Destructoid detailed how the game sign-ups are currently open right now over on the official Need For Speed website. The sign-ups will be open up until September 25th, after which a lottery will be drawn and various members of the gaming community will be selected to beta test the game and presumably help provide EA and Ghost Games with feedback and data on the server stress to ensure that the always-on DRM holds up for launch day, something that didn't go over so well with games like Diablo III and SimCity.

While the official website requires that you sign-up for an EA Network account and that you can only choose between participating in the Need For Speed closed beta for the Xbox One or PS4, one of the users in the comment section mentioned that Origin is hosting a separate beta test for PC users. You're not forever alone.

Brian mentions that for the PC version of the game if you have an Origin account simply log in and at the top where it has your account and privacy information you can select the Game Tester Program where Need For Speed is listed. It's a little bit like the Steam beta program that you can sometimes opt into with select games by going into the properties and selecting the beta test from the drop-down menu.

There's no guarantee that anyone who signs up will actually make it into the closed beta, and historically most closed betas have very limited access for those who are eligible to participate.
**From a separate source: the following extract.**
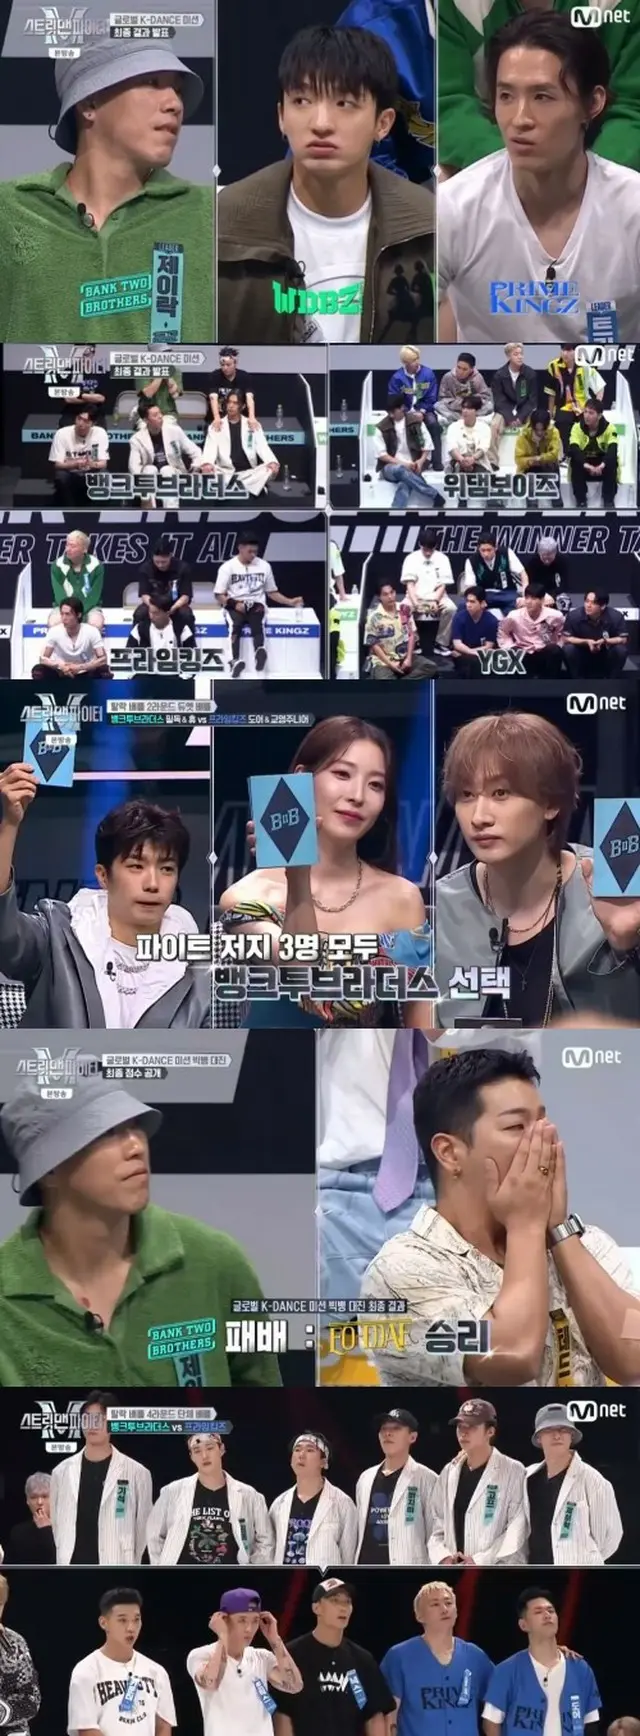 歌手BoA、Mnet「STREET MAN FIGHTER」の評価を巡って“インスタテロ”の被害に（画像提供:wowkorea）

This is probably as much a promotional gig as it is an actual stress test. Games with always-on DRM are not to be trifled with when it comes to potential launch day issues – not having enough servers allocated for the load or having any sort of hiccup on the backend will likely result in a very poor experience for a lot of players.

Need For Speed has definitely received a fair amount of backlash for its always-on DRM but EA seems determined to keep moving forward with it.

The game itself is remarkably gorgeous and since it's running on DICE's Frostbite 3, you can see how the lighting and post-processing effects are just about top notch. In some segments the game almost looks just like real life, which is a testament to DICE's engineering prowess and Ghost Games' ability to utilize artists who can tap into and make the most out of the engine.

Need For Speed will feature a deep customization utility similar to the old Need For Speed: Underground games. There will also be a live-action component in the game that seamlessly intertwines with the actual gameplay, which is quite impressive.